I REMEMBER WHEN I RECEIVED my polio vaccine. At least I think I do. It must have been in first or second grade and we were told to line up single file outside the nurse’s room and wait for our turn to get “the needle.” I survived; I didn’t cry. Baseball cards were a bigger deal.
For my parents I can only imagine the weight that was lifted by the vaccinations given to my sister and me. A few years earlier there had been an epidemic of poliomyelitis in the U.S. According to ProPublica, the non-profit online news service, that outbreak killed over 3,000 in this country and paralyzed another 20,000 or more. Kids then knew about iron lungs like kids today know about respirators. And then, in 1955, Dr. Jonas Salk’s vaccine began to be administered, and case rates of the illness “dropped by as much as 90%.” This scourge was eradicated worldwide…. but not entirely.
It’s a complex public health and scientific story and it starts with the development of a second vaccine that is given orally (no needle!). That made it easier and less expensive to vaccinate kids, a big advantage in poor countries. That second version is as effective as the first; if you’re vaccinated by either version you are protected from polio.
The difference between the vaccines is that the second, oral version uses a weakened polio virus as a component of the vaccine.
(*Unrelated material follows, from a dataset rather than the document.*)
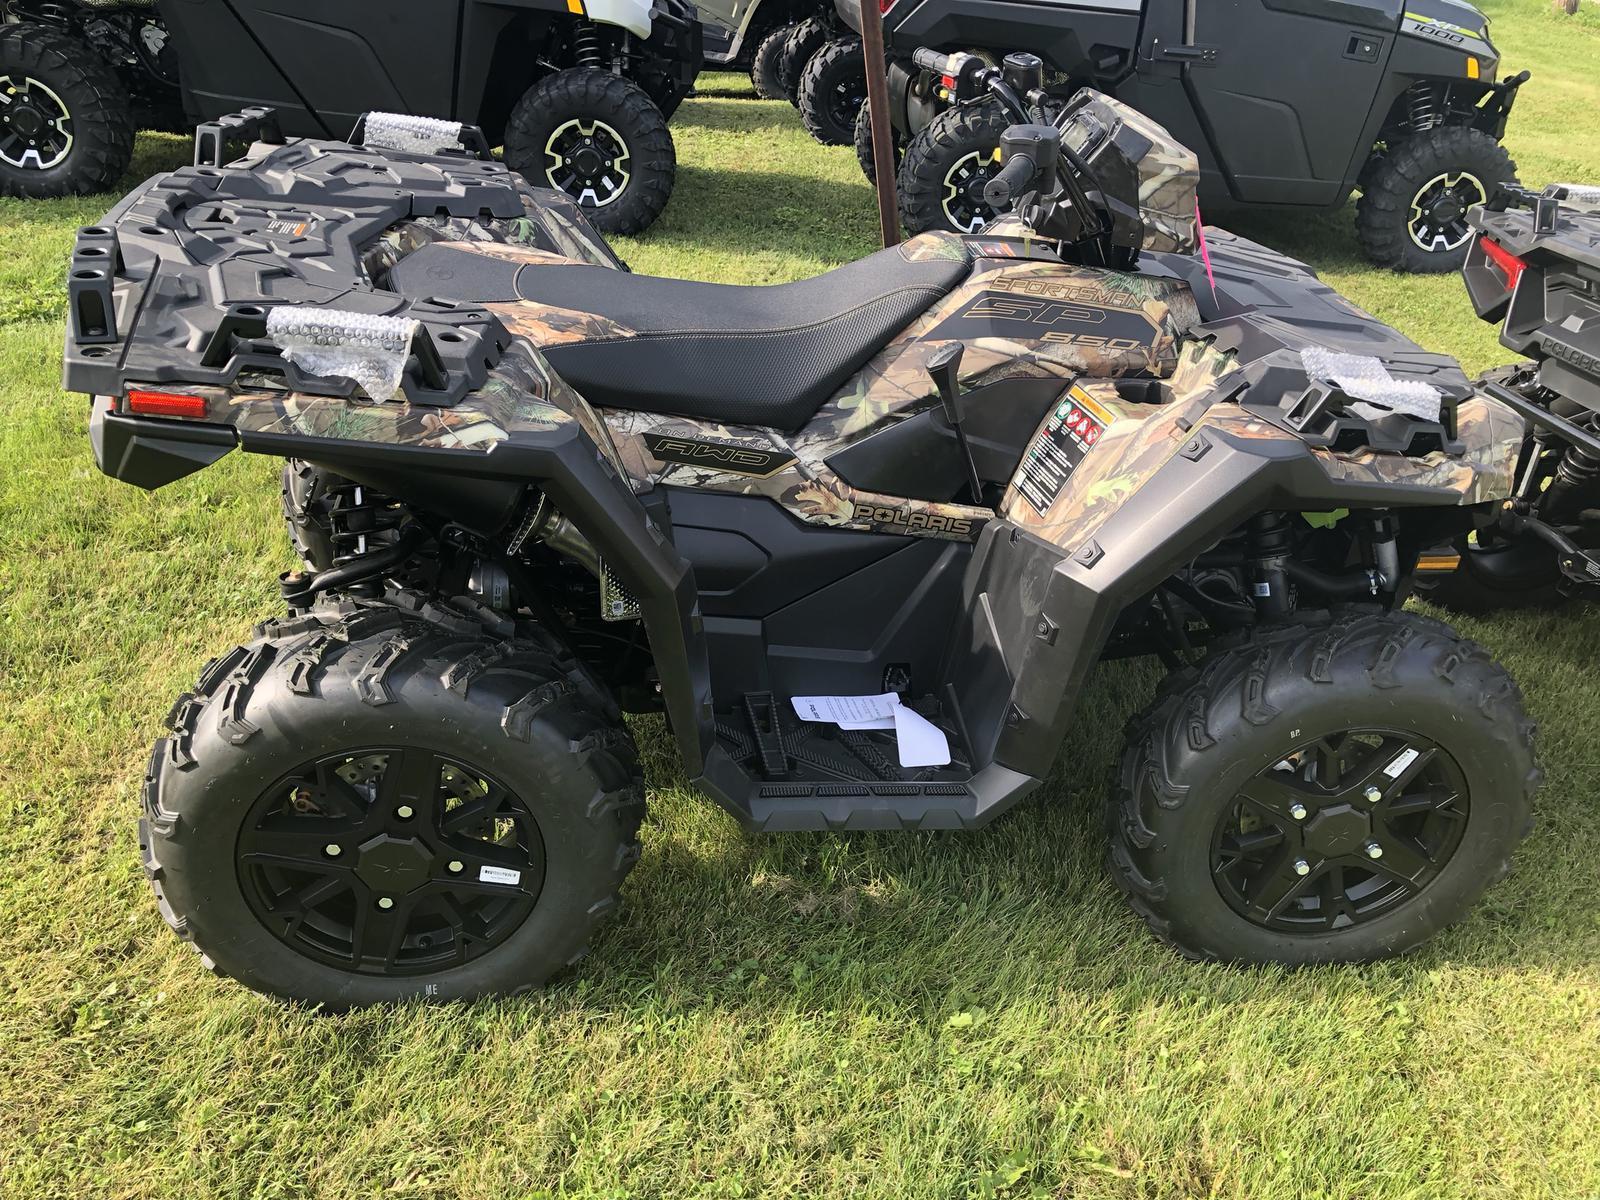 Inventory from Polaris Industries ATV Motor Sports Omaha, NE
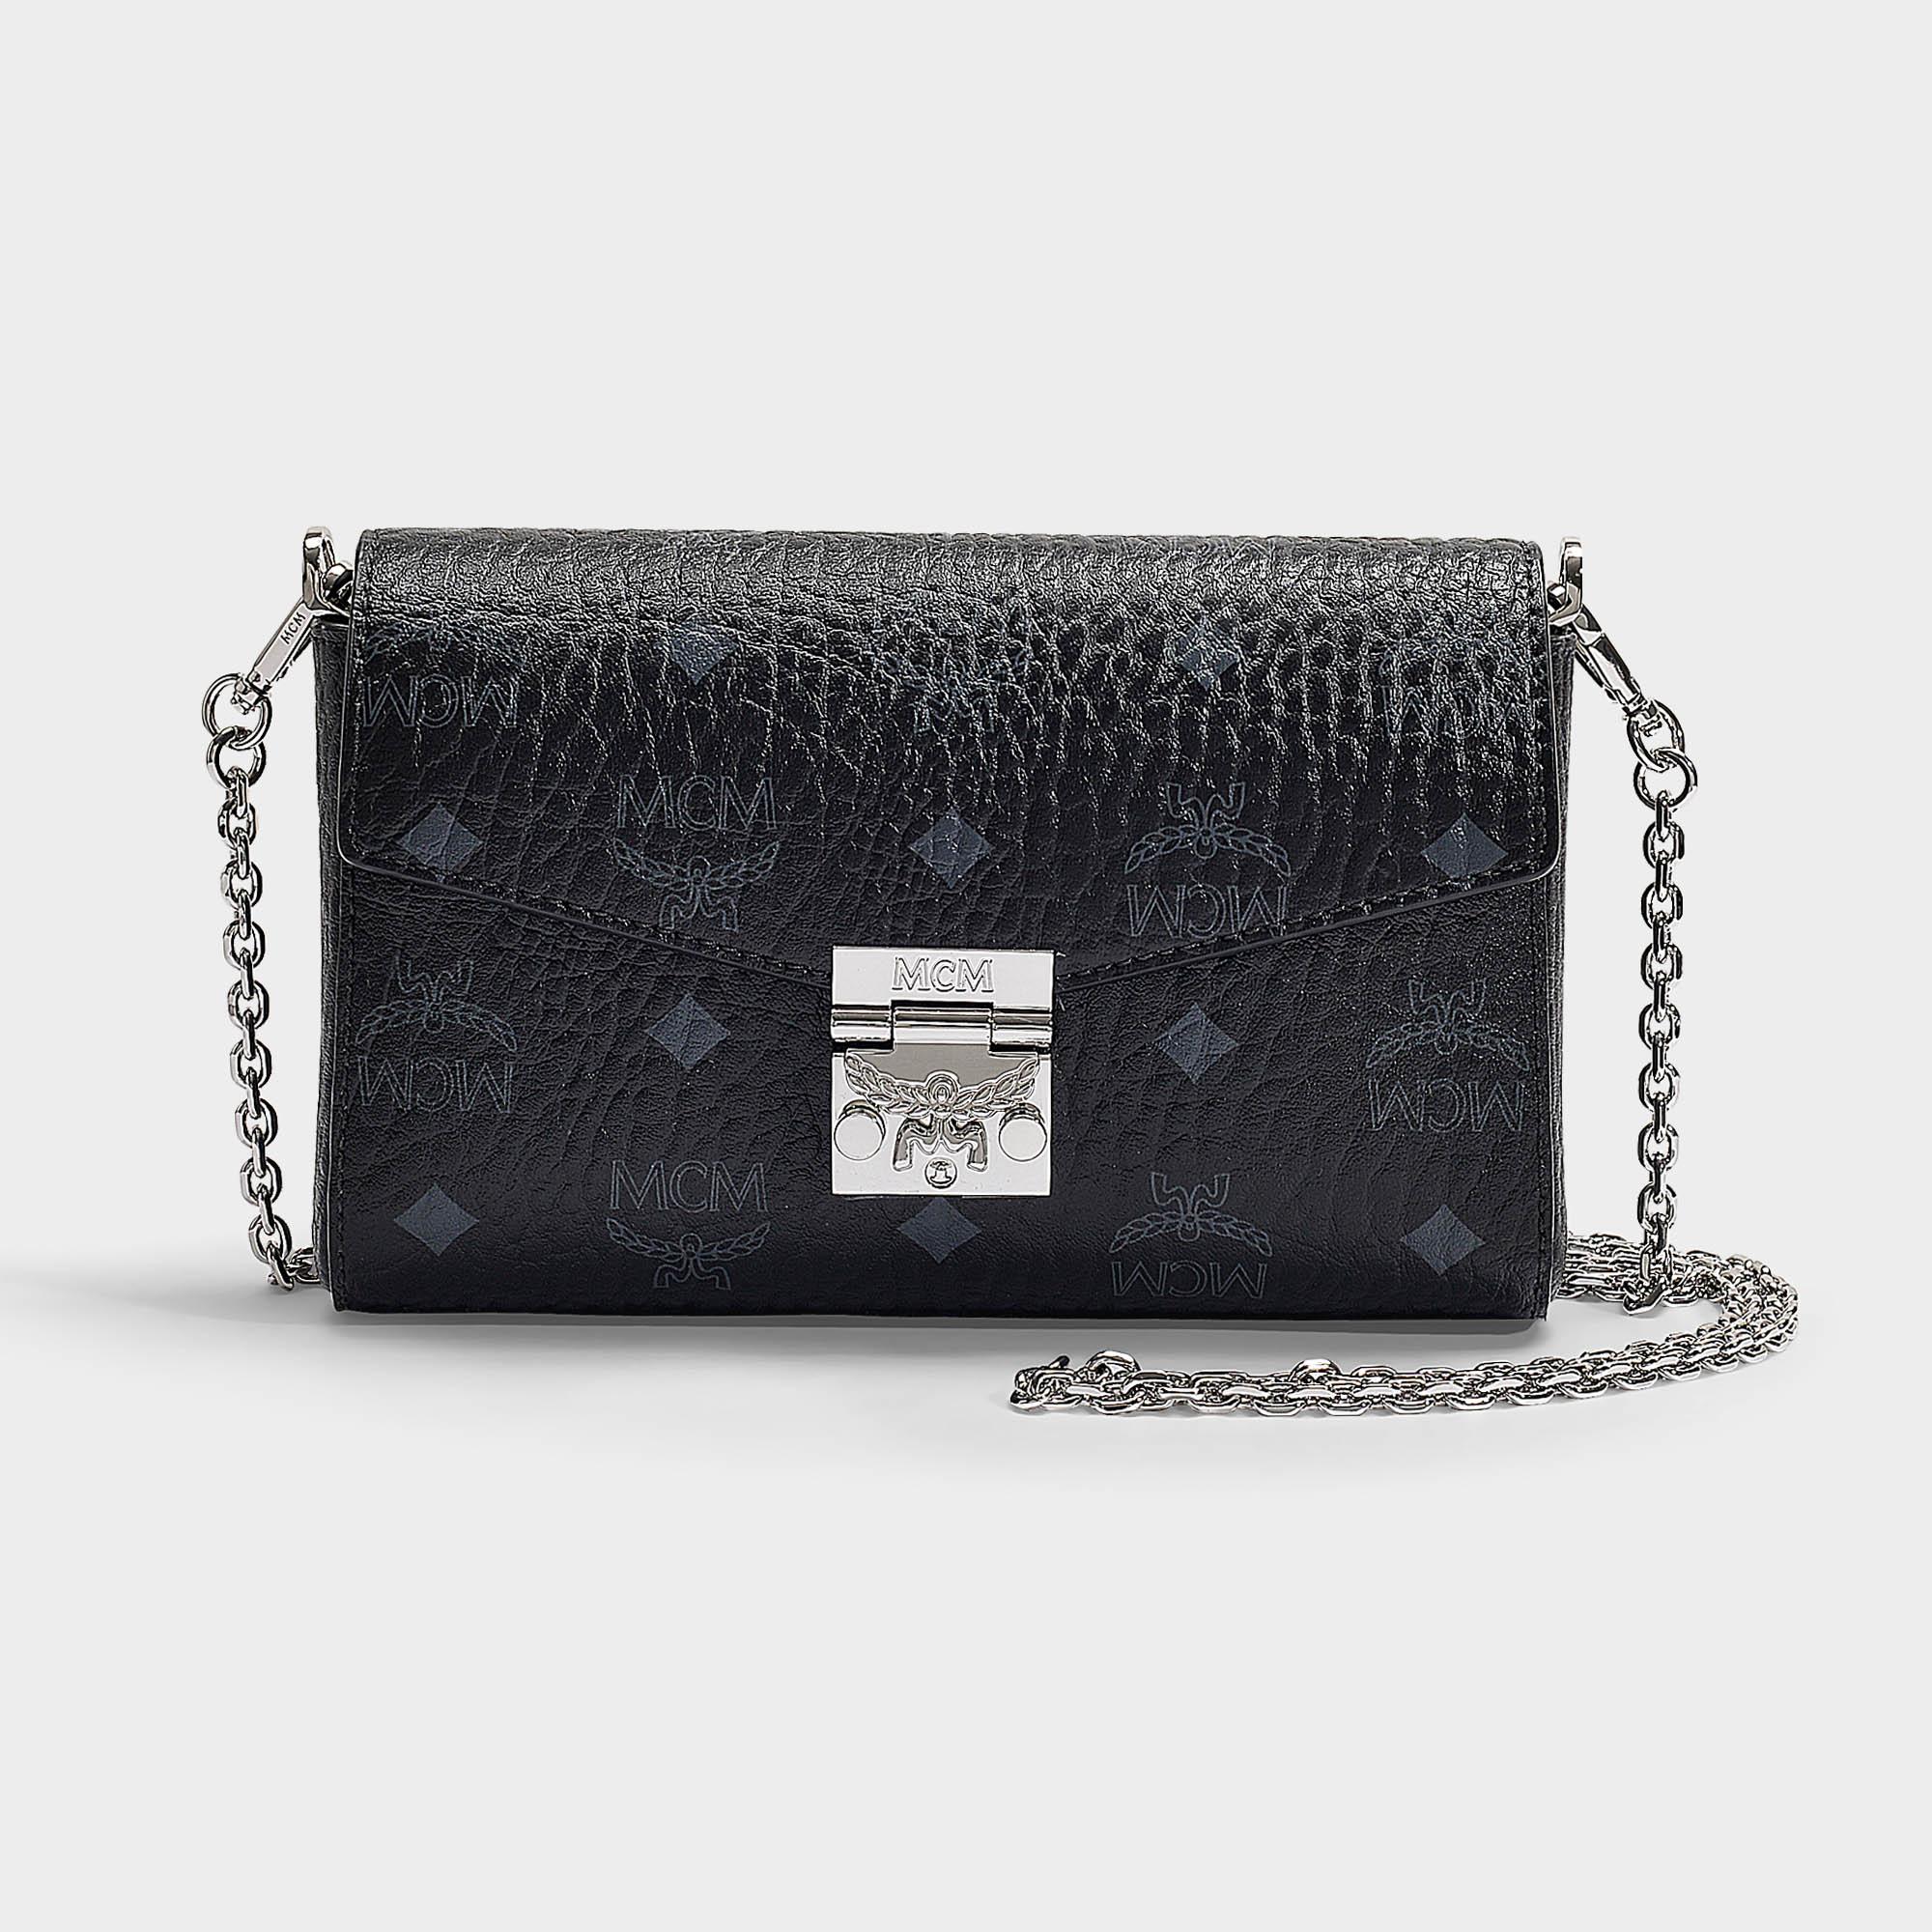 780a5397af28 Mcm | Millie Visetos Small Crossbody Bag In Black Coated Canvas ...

When discarded or excreted, it is possible that this second type of vaccine could spread the virus to people who are not vaccinated. So the oral vaccine is no longer used in this country. But it is one possible explanation why an unvaccinated Rockland County man was recently diagnosed as paralyzed by the polio.
When discarded or excreted? However you define it, we’re talking about sewage. We really need to know what’s in our sewers so we can protect ourselves and our environment. We can also learn about upcoming threats based on what’s being discharged as wastewater, what is called wastewater surveillance. It works to alert epidemiologists to trends in the spread of infectious diseases, including Covid-19, for instance, and the Columbia County Health Department hopes to get some help from a Syracuse University wastewater surveillance project, which is selecting communities to monitor wastewater treatment.
County Health Director Jack Mabb said the county will continue to monitor wastewater in Hudson for Covid and hopes to add other marker substances including, he hopes, opioid use. And now polio is “under discussion” as a virus to monitor.
The county could use some help. The state Department of Health publishes a list of each county’s polio vaccination rate, the percent of all children18 years and younger who have received their polio shots. Columbia, at 74.8%, is among the lower scoring counties, even lower than the figure for the whole state, which is 78.9%.
If all this is too much science, just remind yourself that vaccines can produce miracles but only if the public gets vaccinated. Yes, there are inequities: manufacturers can sometimes make huge profits if vaccines are effective but they should also share the formulas that taxpayers have subsidized. But for all that, vaccines are powerful tools that save millions of lives. The people who urge us to avoid vaccines have nothing to offer in return, nothing but ignorance and false choices.